13:29danvet: mlankhorst, I guess one last -next pull or something
13:33mlankhorst: sent, didn't look too spectacular. :)
13:38HdkR: karolherbst: Sounds like a good reason to get such hardware :P
14:27danvet: mlankhorst, did you prep drm-misc-next-fixes already?
14:35mlankhorst: danvet: hm no, should that not be drm-next after merge?
14:57danvet: mlankhorst, yup, and that's pushed now so you can forward
15:44robclark: danvet: how to link to rst?
15:45danvet: robclark, https://dri.freedesktop.org/docs/drm/doc-guide/sphinx.html#cross-referencing
15:45danvet: note that functions should auto-link anywhere
15:46danvet: https://dri.freedesktop.org/docs/drm/doc-guide/kernel-doc.html#cross-referencing-from-restructuredtext
15:46danvet: there's actually good docs for the kernel's doc system :-)
15:46robclark: so just use full path then
15:47danvet: well if you want a specific chapter in an .rst then it gets more tricky
15:49danvet: need to put a sphinx tag above the heading and reference that
15:52robclark: full path I think is better.. because it is also something that looks sensible to someone looking at code instead of html ;-)
16:08robclark: `make htmldocs` does take some time..
16:17danvet: robclark, incremental is a lot better
17:27mlankhorst: done
17:28mlankhorst: drm-misc-next is closed!
17:38javierm: danvet, jfalempe: any idea how my patch could had made things worse? That's very surprising... https://lists.freedesktop.org/archives/dri-devel/2023-April/399981.html
19:17DavidHeidelberg[m]: robclark: a630 showing huge performance boost, any particular commit you suspect? :D https://gitlab.freedesktop.org/mesa/mesa/-/issues/7144#note_1865796
19:37DavidHeidelberg[m]: gallo: performance go brrrrr ^ :)

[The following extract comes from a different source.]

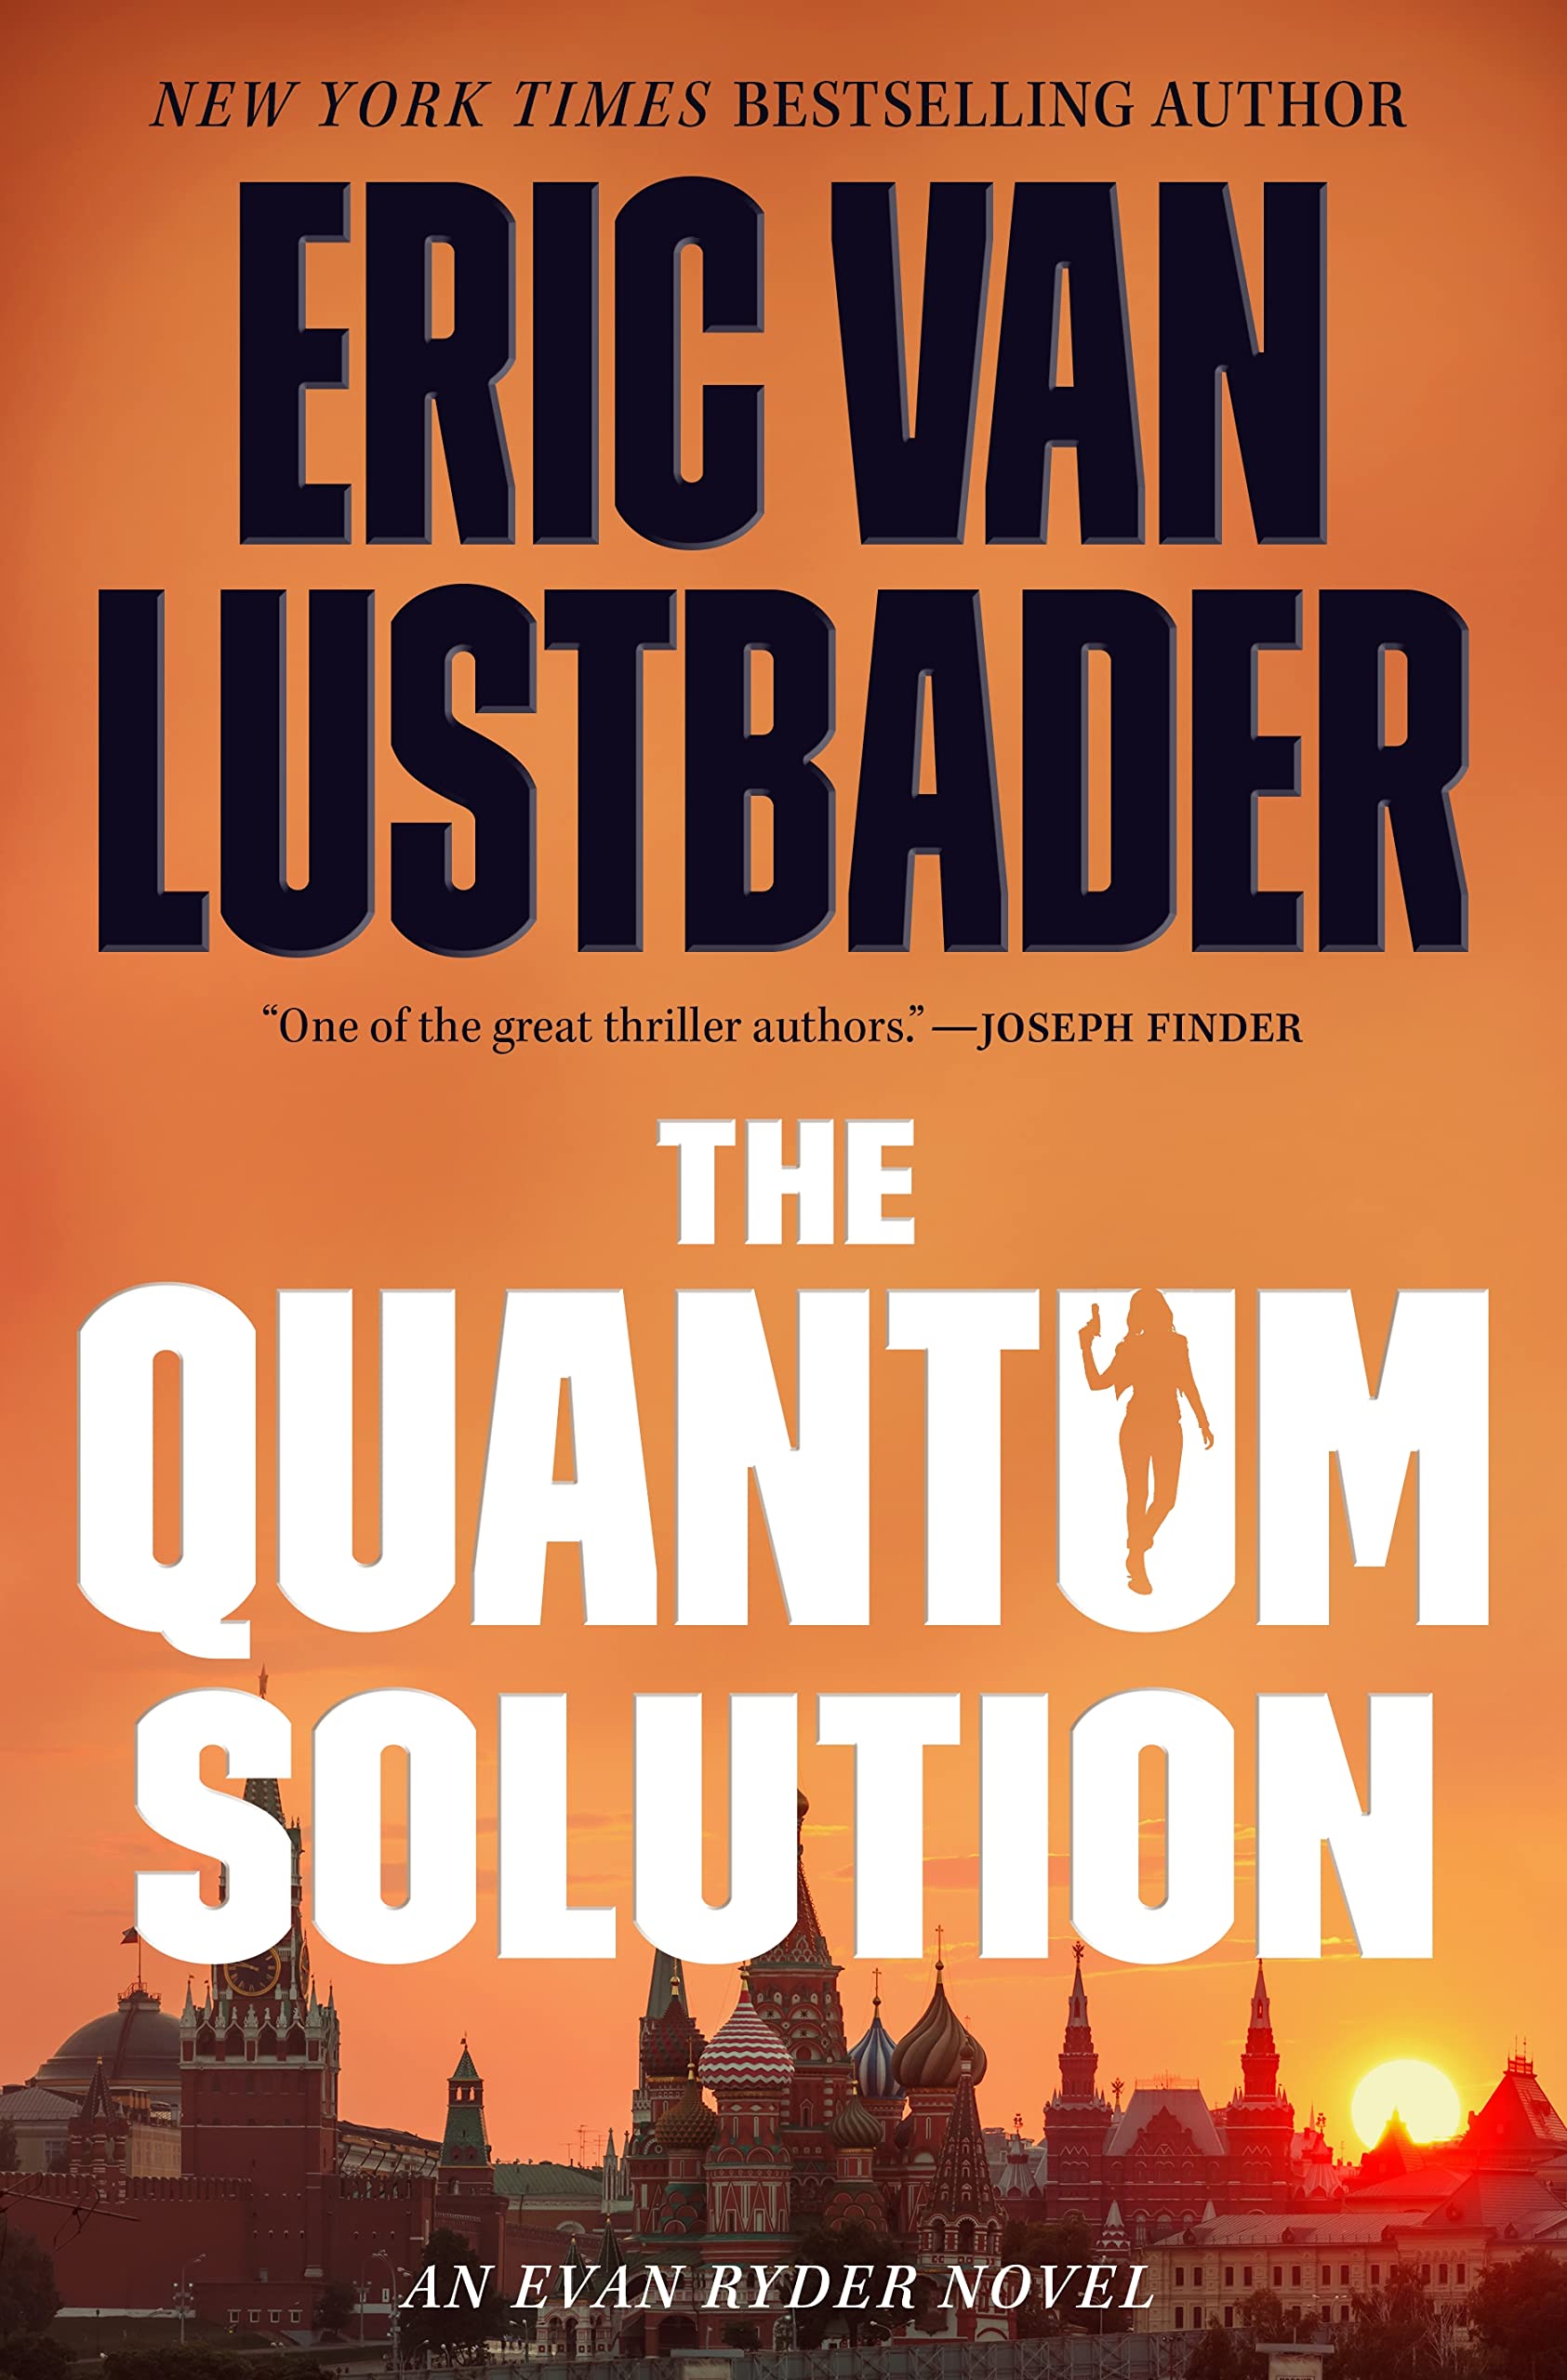 Image for "The Quantum Solution"

19:57DavidHeidelberg[m]: this could be offender: https://gitlab.freedesktop.org/mesa/mesa/-/merge_requests/22148 but most likely this one: https://gitlab.freedesktop.org/mesa/mesa/-/merge_requests/22098
20:22robclark: more likely the latter
20:24robclark: there was also a kernel fix for anything doing short duration (<10ms) fence waits.. not sure if that shows up in any traces (stk does this)
20:25robclark: (hmm, well the kernel fix might actually make the trace appear slower since the trace is just a pre-recorded # of fence waits and nothing to do with reality)
21:25karolherbst: dcbaker: seems like bindgen is doing incompatible changes and we have to know the version in meson :(
22:46Lynne: ishitatsuyuki: any ideas on how to fix this?